The photos show a woman looking and then sitting next to three unmoving people lying on the ground outside a white minivan. All the doors of the van were open. It is unclear whether the four people in the photos were the US citizens.

The woman then appears to have been loaded onto the bed of a white pickup truck, the photos show. Several unmoving people could be seen lying on the street next to the pickup truck, the photos show.

[...]
 
Horrifying. And to buy medication (the U.S. needs to get its act together about some of the high med prices).
I feel badly for them, and all of the others doing the same (to get meds, medical help), and the migrants.
But, then, I guess there are many who do not watch the news or pay attention to the news, and perhaps really had no idea just how extremely dangerous it is right now in that area.

And it's kind of random, too. Thousands of Americans cross daily and most are not kidnapped. I used to be pretty cavalier about it (lived in southern Mexico for a while; will not lie - aspects of it were very scarcy, but I was very naïve and also thought of myself as lucky).

I'm surprised that this group of travelers doesn't sound like they are elderly and certainly there were men in the group. I fear that they were perhaps scammed in some way (to bring a lot of cash to pay for the supposed surgery - this is a known thing).

"Mistaken identity" implies that these poor travelers resembled (van-wise or personally) the people sought by the cartel/bad guys? I just am shaking my head about this, as I'm wondering who exactly the bad guys were targeting (people clearly American; American license plates; men and women traveling together, clearly a kind of vacation - a medi-vacation, but how would the bad guys even known that?)

I'm very skeptical of the "mistaken identity" phrase, unless there is other information.

Mexico is really fun (and cheap) - until it isn't. I'm trying not to be a Negative Nancy, but, well, after living in El Paso/Juarez for quite some time and being fairly adventurous myself (lived alone in Southern Mexico), I hesitate very much to encourage trips to the border area.

IMO.
 
And it's kind of random, too. Thousands of Americans cross daily and most are not kidnapped. I used to be pretty cavalier about it (lived in southern Mexico for a while; will not lie - aspects of it were very scarcy, but I was very naïve and also thought of myself as lucky).

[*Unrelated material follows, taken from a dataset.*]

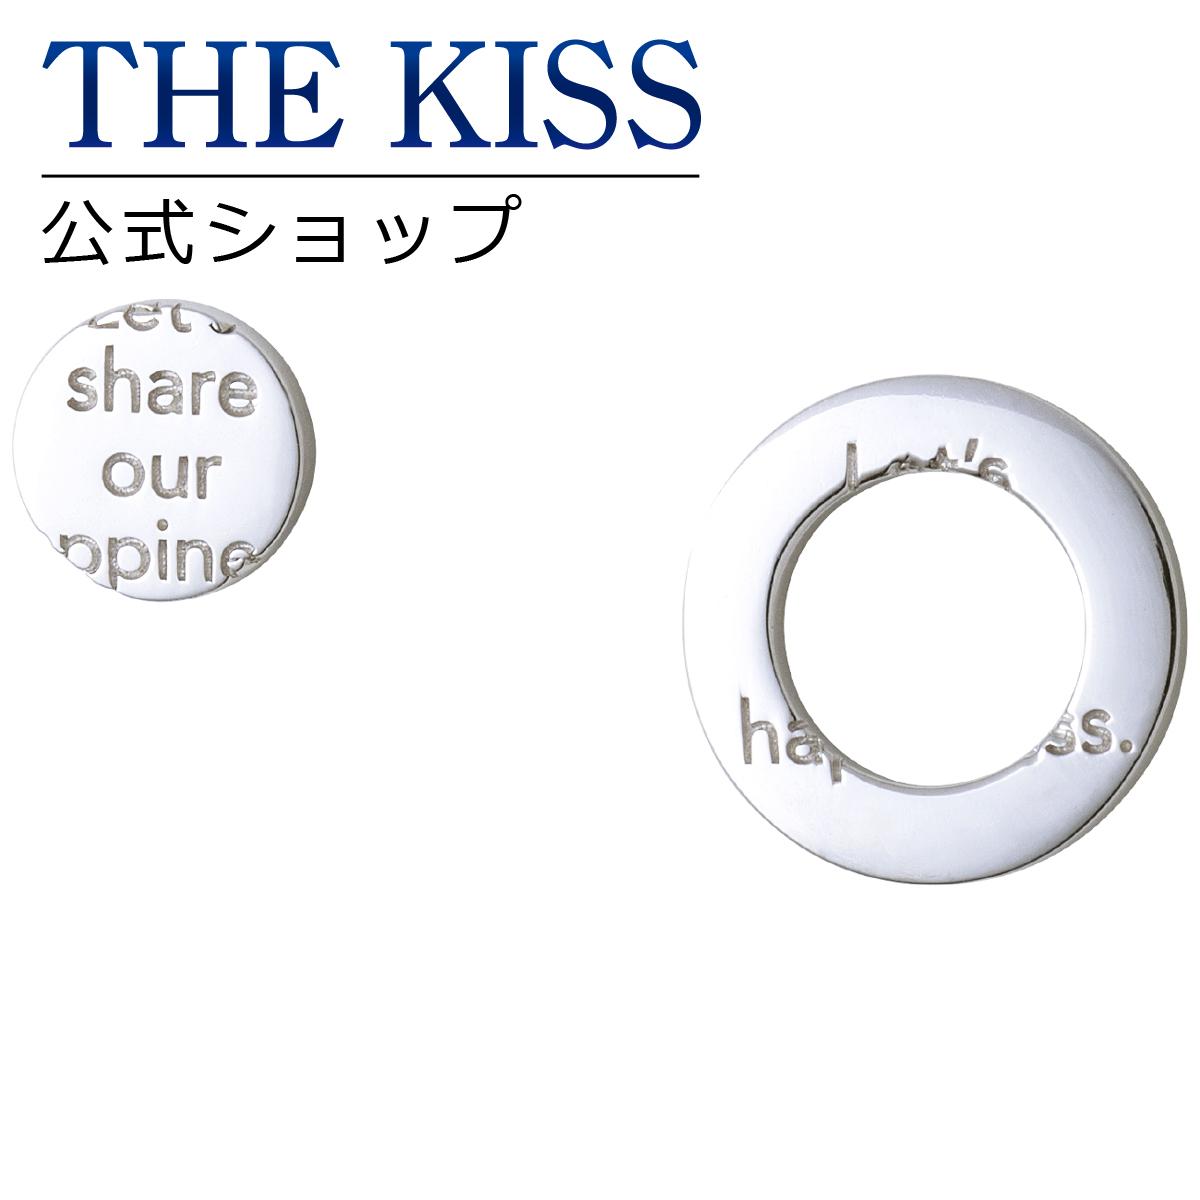 【あす楽対応】【THE KISS COUPLE'S】THE KISS 公式サイト シルバー ペアピアス ペアアクセサリー カップル に 人気 の ジュエリーブランド THEKISS ペア ピアス 記念日 プレゼント SPE2001 ザキス 【送料無料】

I'm surprised that this group of travelers doesn't sound like they are elderly and certainly there were men in the group. I fear that they were perhaps scammed in some way (to bring a lot of cash to pay for the supposed surgery - this is a known thing).

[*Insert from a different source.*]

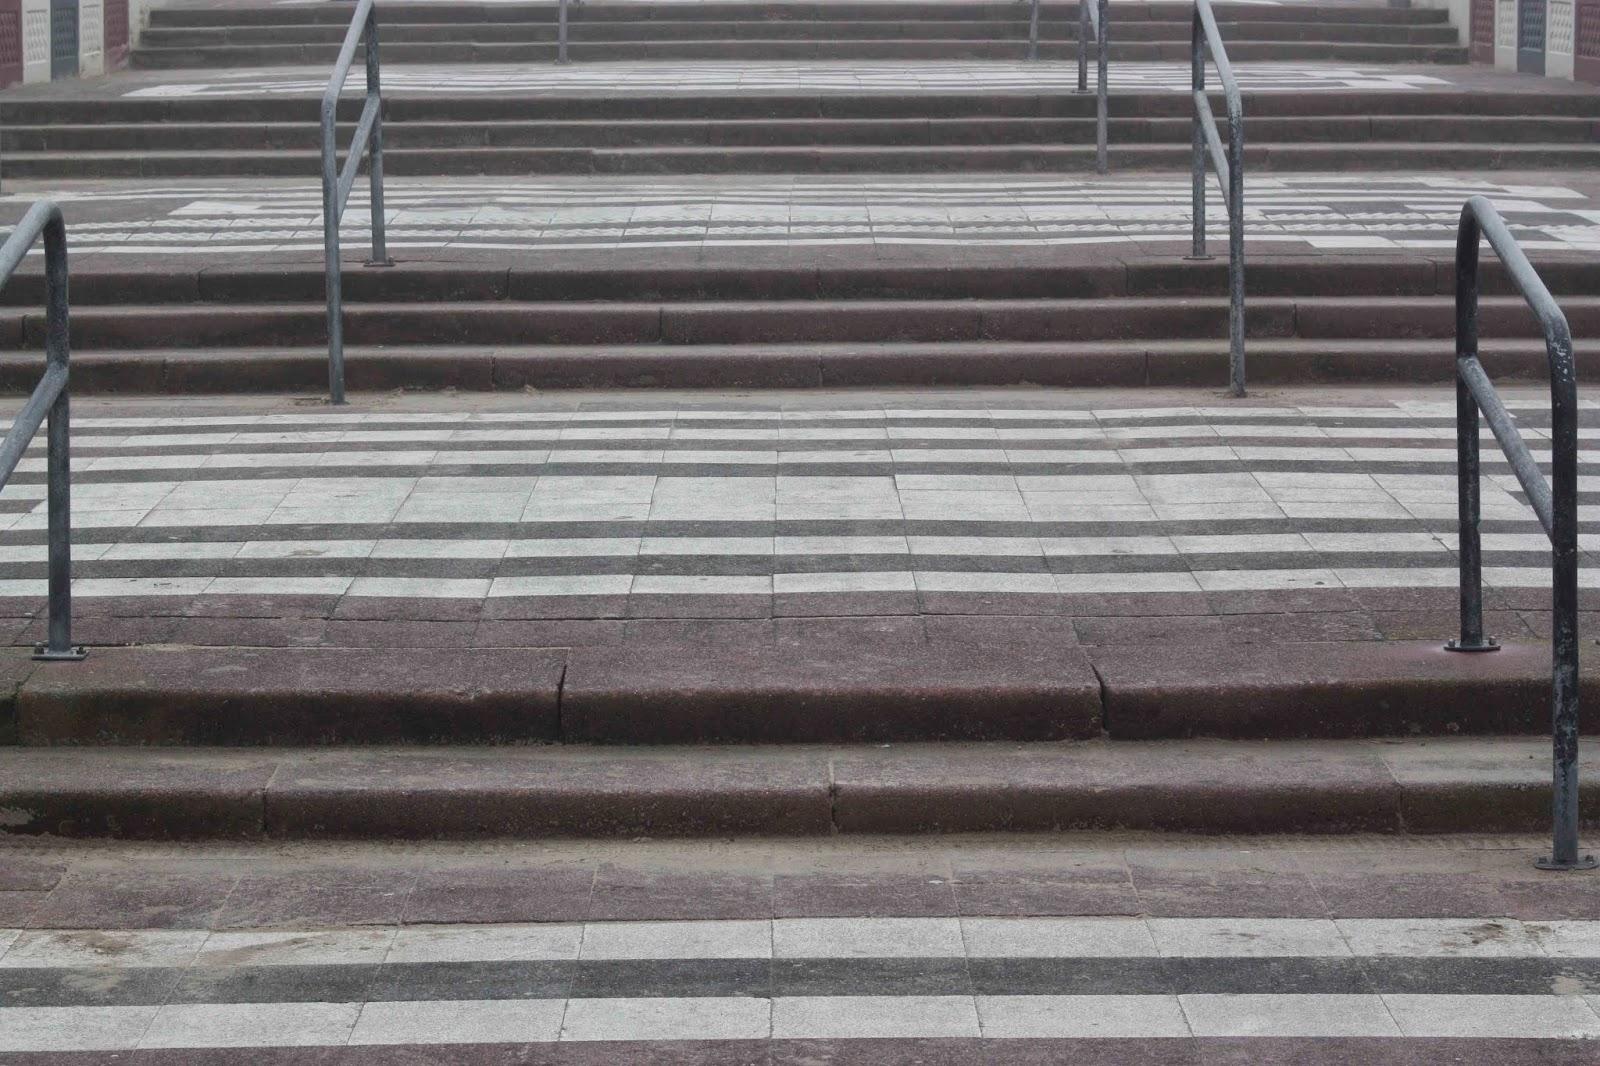 steps in striped sidewalk

"Mistaken identity" implies that these poor travelers resembled (van-wise or personally) the people sought by the cartel/bad guys? I just am shaking my head about this, as I'm wondering who exactly the bad guys were targeting (people clearly American; American license plates; men and women traveling together, clearly a kind of vacation - a medi-vacation, but how would the bad guys even known that?)

I'm very skeptical of the "mistaken identity" phrase, unless there is other information.

Mexico is really fun (and cheap) - until it isn't. I'm trying not to be a Negative Nancy, but, well, after living in El Paso/Juarez for quite some time and being fairly adventurous myself (lived alone in Southern Mexico), I hesitate very much to encourage trips to the border area.

IMO.
I really appreciate your insight. thank you.